If the W10 machine fails to let you remote in across a different subnet in your server location, physically move the W10 machine to a port on the core router which should be the same subnet as your 2008 server is plugged into. If you are out of ports on that core router, hang an Ethernet switch on an available port or even a hub, and plug the W10 machine in to that. Retest. Can you remote into the W10 machine with it plugged into the core router where the server Ethernet connection also lives? If you cannot remote in with the W10 machine on the same subnet, it's likely to be a problem with that machine.
You may have to do a manual rebuild using W10 Clean Install and reinstall all your programs and data manually. You can also use a different W10 machine and plug that in to the core router. If that 2nd PC works, but the original one doesn't, yet another reason to rebuild it.

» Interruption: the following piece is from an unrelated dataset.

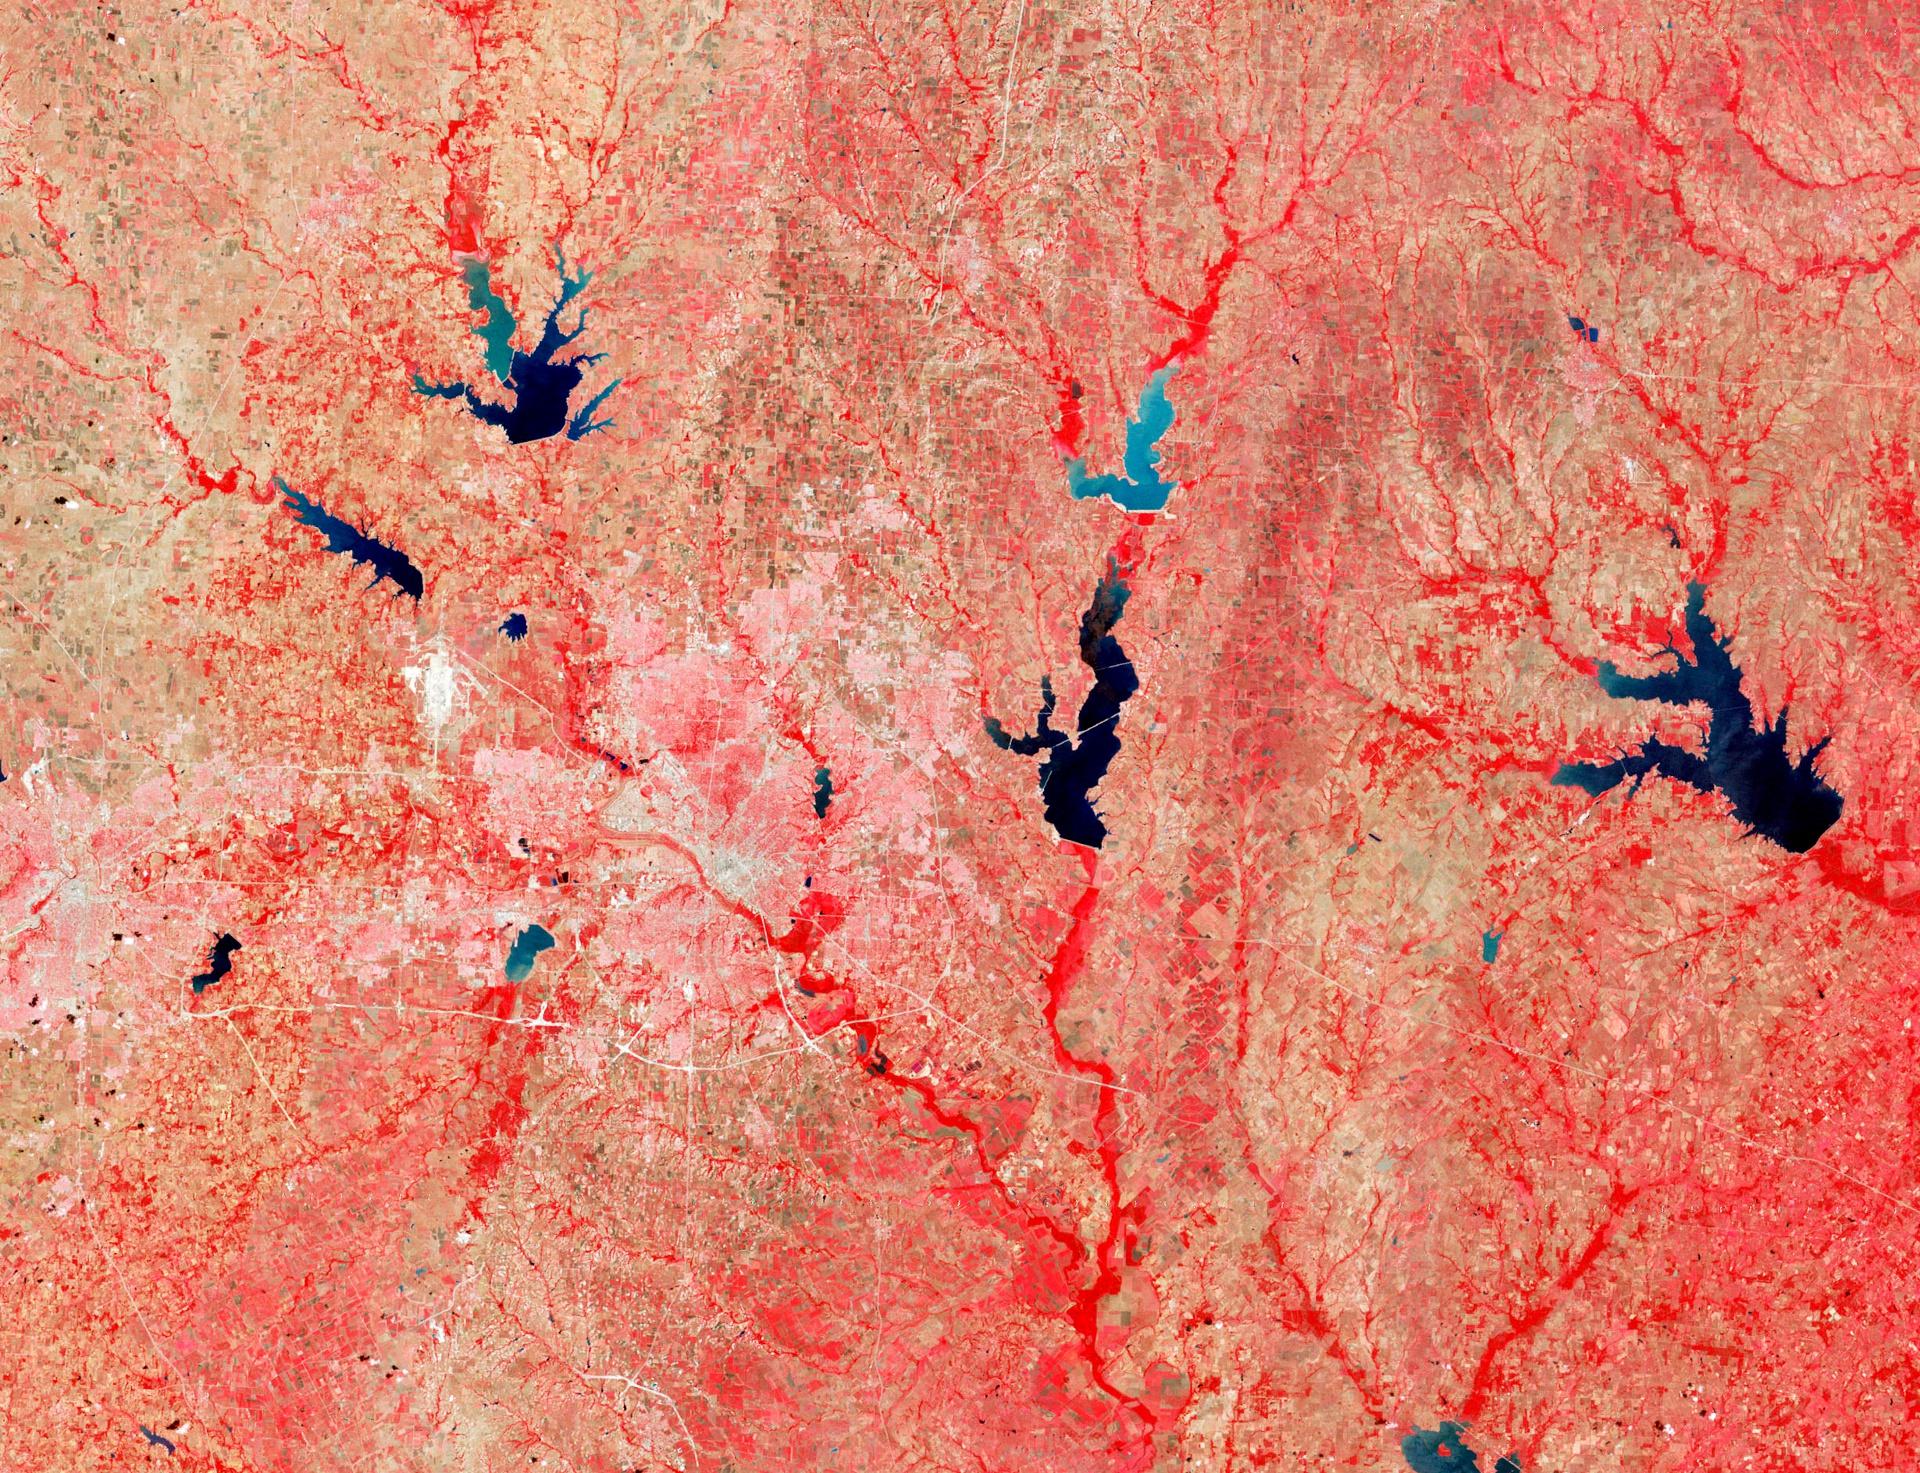 Quiz - image - satellite et environnement - observation de la Terre - Earth Observation - Remote sensing - Juillet 2015

If you cannot get any W10 machines to work on your network domain while plugged into the core router where the 2008 server lives; you probably have a topological problem with your network and you'll need to create a network diagram to fix it;
if you don't already have one. A sketch is a good idea; but you should really have a program like Visio at your disposal to create that diagram and keep it updated with any and all future changes to your network. You'd be surprised at how many of my customers could have solved their own problems if they just did this. It's only taught in universities and trade tech schools however, so the average Tech is often unaware of it's power to solve problems.
Hope that provides some further insight.